Thursday, April 3, 2008

Nora Ephron on Hillary - Quit for my sake!

Nora Ephron in HuffPost has an unusual rationale for asking Hillary to quit the race:

"I would like to put myself among the growing chorus of people demanding that Hillary Clinton withdraw from the election. I don't really think it's fair to ask her to withdraw, and I certainly don't believe she's going to; she'll hang in there till the last dog dies, or till she runs out of money, whichever comes first. I'm not asking her to withdraw because I prefer Obama, and I don't think she should withdraw "for the sake of party unity," or whatever current bromide is being flung at her to get her to pull out. I think she should withdraw because I'm losing my mind."

Thus it has come to pass: baby boomer feminists, who told us that "the personal is the political," fall victim to the problem of equating democracy with therapy. Fortunately, Ephron knows that the first step in solving your problem is admitting that you have one:

"I am particularly sensitive to this because I'm a woman of a certain age, and this means that part of the pie that passes for my brain contains a large slice called Hillary. I've been thinking about her in a fairly pathological way ever since 1992 and dreaming about her as well. She is me, and then again she's not."

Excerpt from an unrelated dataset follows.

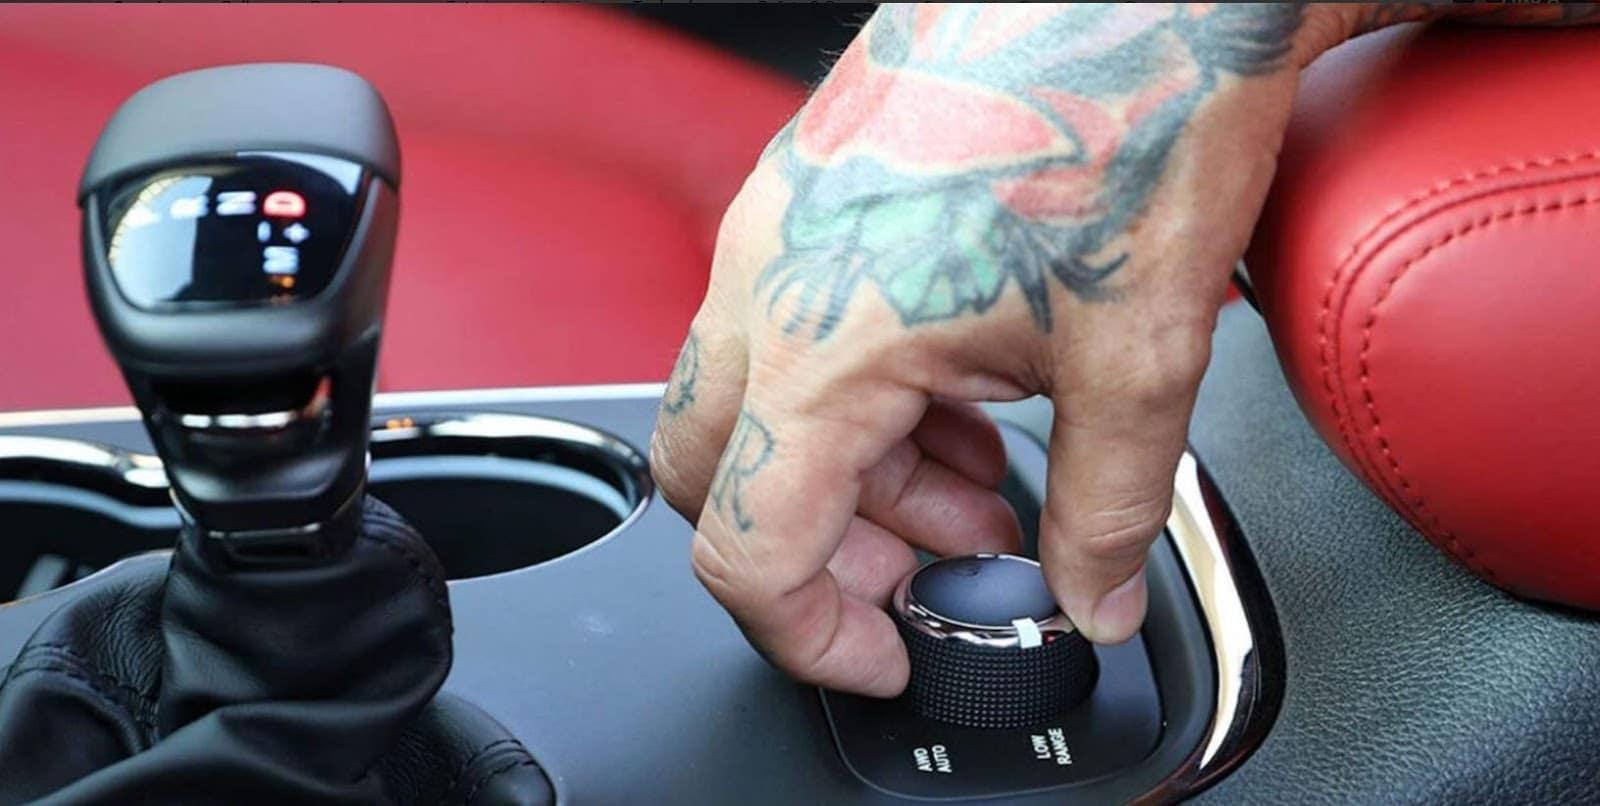 tattooed hand holding knob on 2019 dodge durango srt against bright red interior
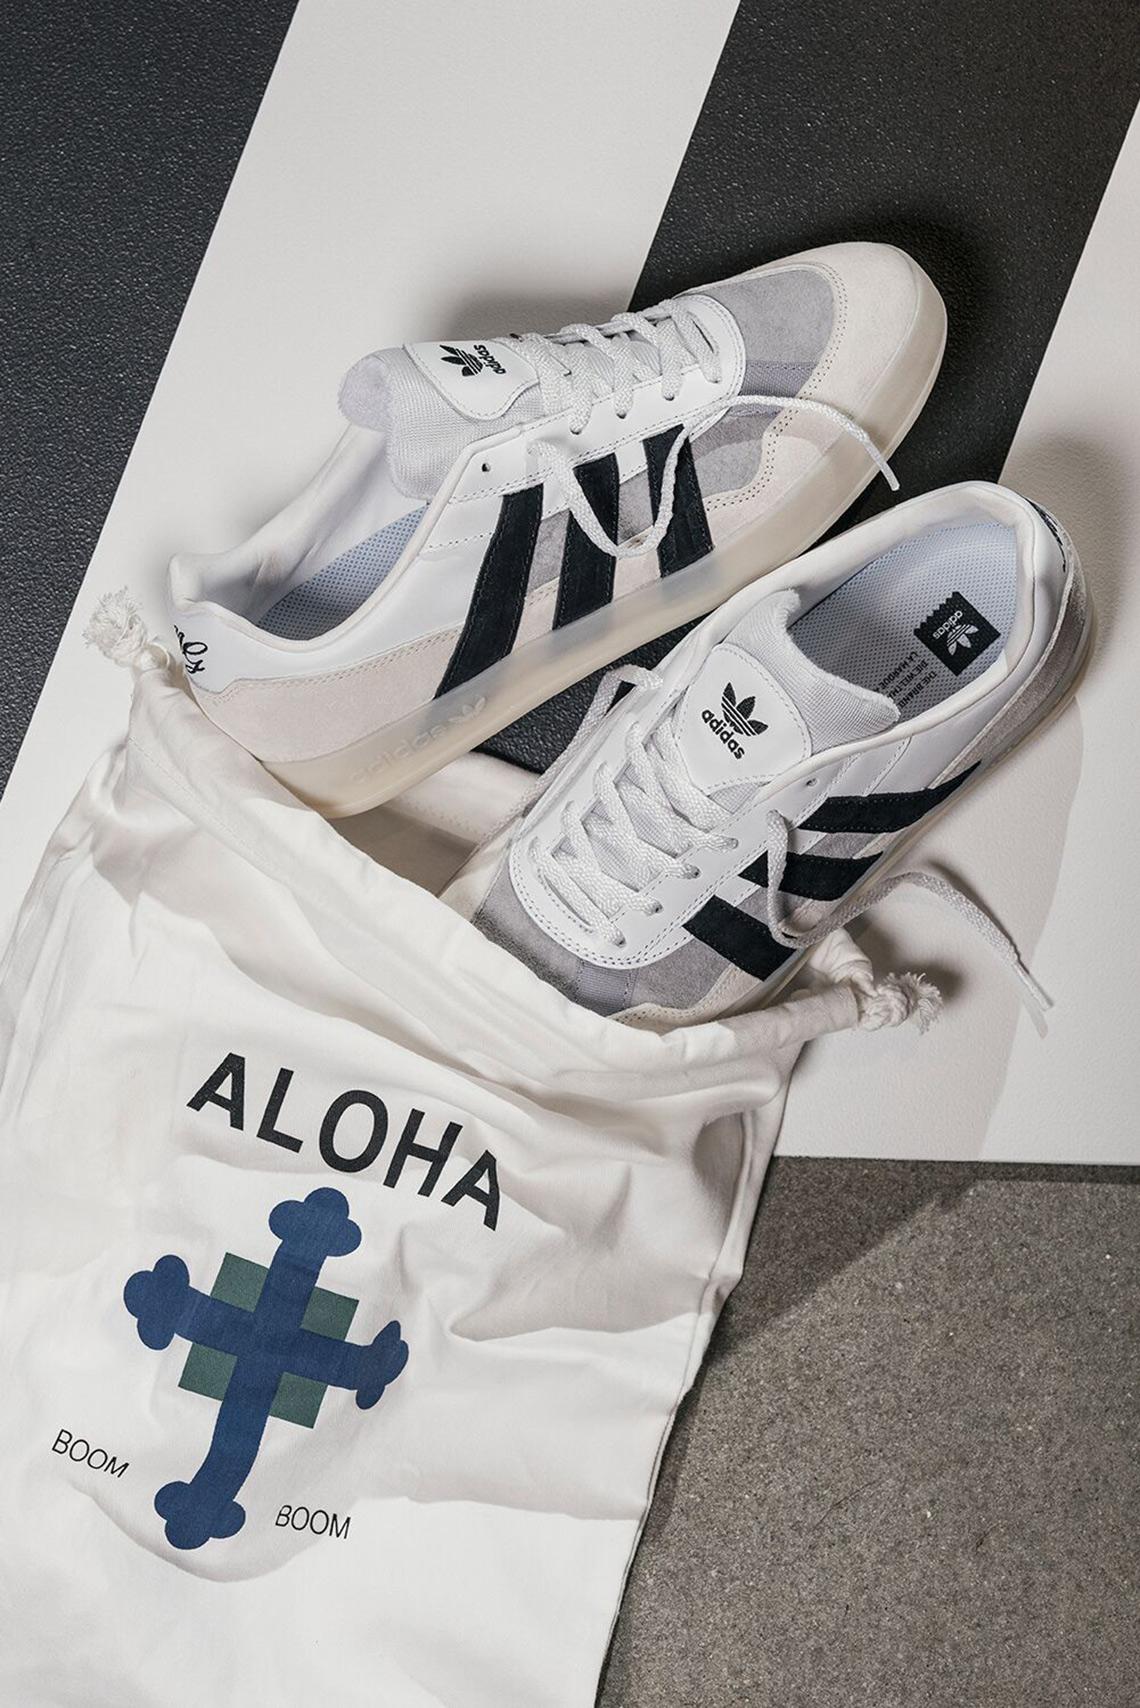 Mark Gonzales adidas SB Aloha Super Photos + Release Info ... bf469d3b410

Nora Eprhon is one of those people who has been sort of on the edge of my consciousness for years. I remember buying her book "Crazy Salad," but not really reading much of it, and then either giving it away or trying to sell it to a used bookstore. I like the fact that she writes and directs romantic comedies, because I'm a fan of the genre. "When Harry Met Sally," for which she was nominated for an Oscar for Best Original Screenplay, is of course a classic. I once made a dish that I called Radicchio Babylon, inspired by Meg Ryan ordering grilled radicchio in that movie. But I also thot "Bewitched" was a disaster, with Nicole Kidman playing a strangely powerless woman in a movie written, directed, produced and greenlit by powerful women.

Back to the issue at hand:

"But the point is that it doesn't matter why Hillary lied; what matters is that I'm hooked on Hillary and on the Rorschach process that defines my relationship with her: she does something, I spend far too much time thinking about it, I superimpose my life and my choices onto hers, I decide how I feel about what she's done, I bore friends witless with my theories, and then, instead of moving on, I'm confronted with yet another episode of her behavior and am forced to devote more hours to developing new theories about her behavior. I don't have time for this.

I understand that asking Hillary to withdraw from the race has more to do with me than it does with her, but that's my point."

It's a cliche to describe baby boomer intellectuals as self-obsessed narcissists, but then one of them goes and write something like this. It's funny and honest. It might make a good screenplay. OK, probably not a good screenplay. But can't people like this afford therapy?

One other thing about boomers we now know: some of them have worried that they will turn into their parents. I'm not so worried about that. My guess is that, at the very least, they will be more entertaining.